Dual electric fields in Ni-CdS@Ni(OH)2 heterojunction: A synergistic spatial charge separation approach for enhanced coupled CO2 photoreduction and selective toluene oxidation

Abstract

Simultaneously inducing dual built-in electric fields (EFs) both within a single component and at the heterojunction interface creates a dual-driving force that is crucial for promoting spatial charge separation. This is particularly significant in challenging coupled systems, such as CO₂ photoreduction integrated with selective oxidation of toluene to benzaldehyde. However, developing such a system is quite challenging and often requires a precise design and engineering. Herein, we demonstrate a unique Ni-CdS@Ni(OH)₂ heterojunction synthesized via an in-situ self-assembly method.

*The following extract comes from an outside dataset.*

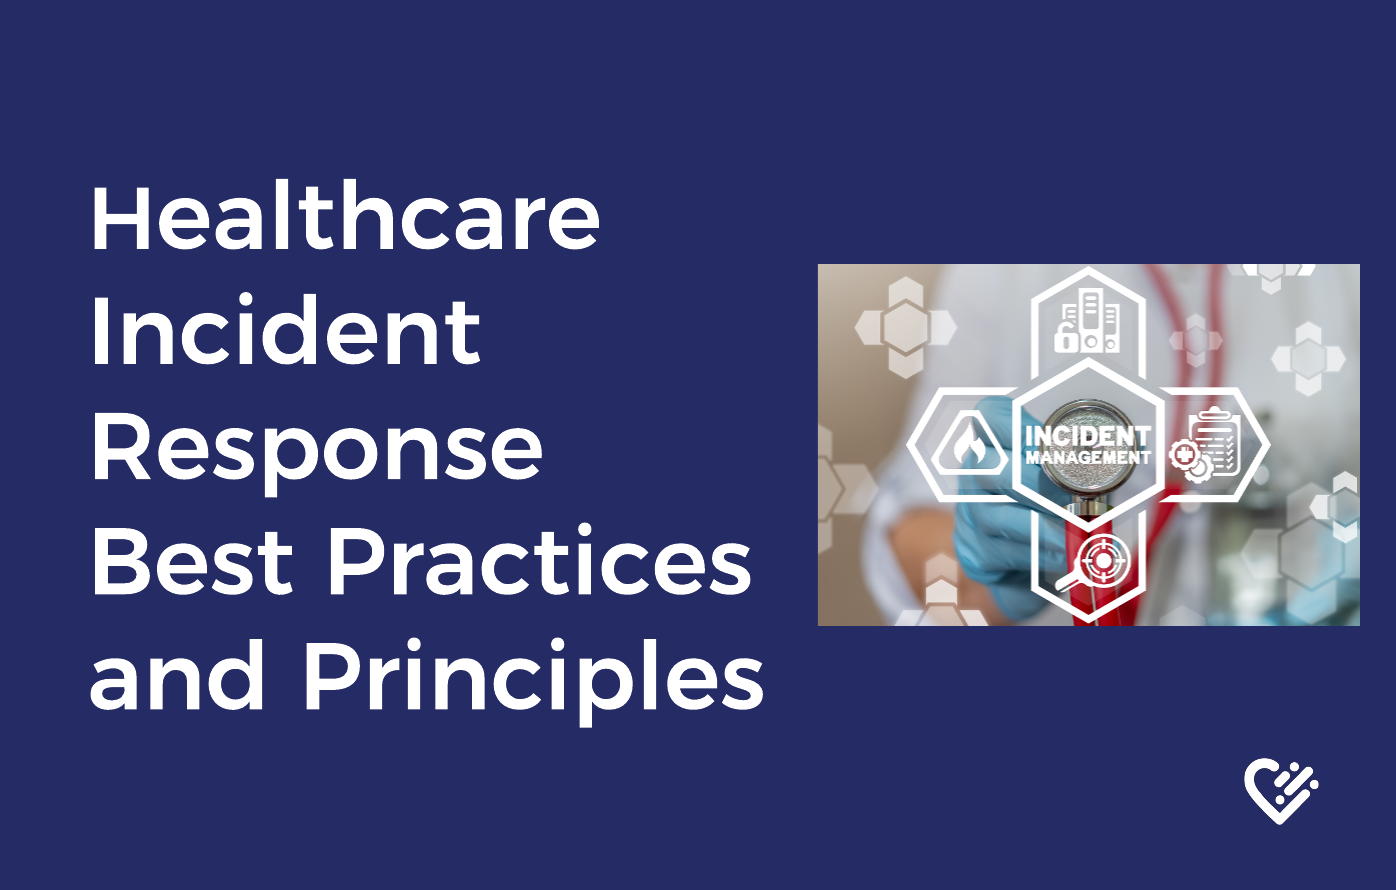 Healthcare Incident Response Best Practices and Principles

Comprehensive mechanistic and theoretical investigations reveal that the Ni-CdS@Ni(OH)₂ heterojunction induces dual electric fields (EFs): an intrinsic polarized electric-field within the CdS lattice from Ni doping and an interfacial electric-field from the growth of ultrathin nanosheets of Ni(OH)₂ on Ni-CdS nanorods, enabling efficient spatial charge separation and enhanced redox potential. As proof of concept, the Ni-CdS@Ni(OH)₂ heterojunction simultaneously exhibits outstanding bifunctional photocatalytic performance, producing CO at a rate of 427 ​μmol ​g⁻¹ ​h⁻¹ and selectively oxidizing toluene to benzaldehyde at a rate of 1476 ​μmol ​g⁻¹ ​h⁻¹ with a selectivity exceeding 85%. This work offers a promising strategy to optimize the utilization of photogenerated carriers in heterojunction photocatalysts, advancing synergistic photocatalytic redox systems.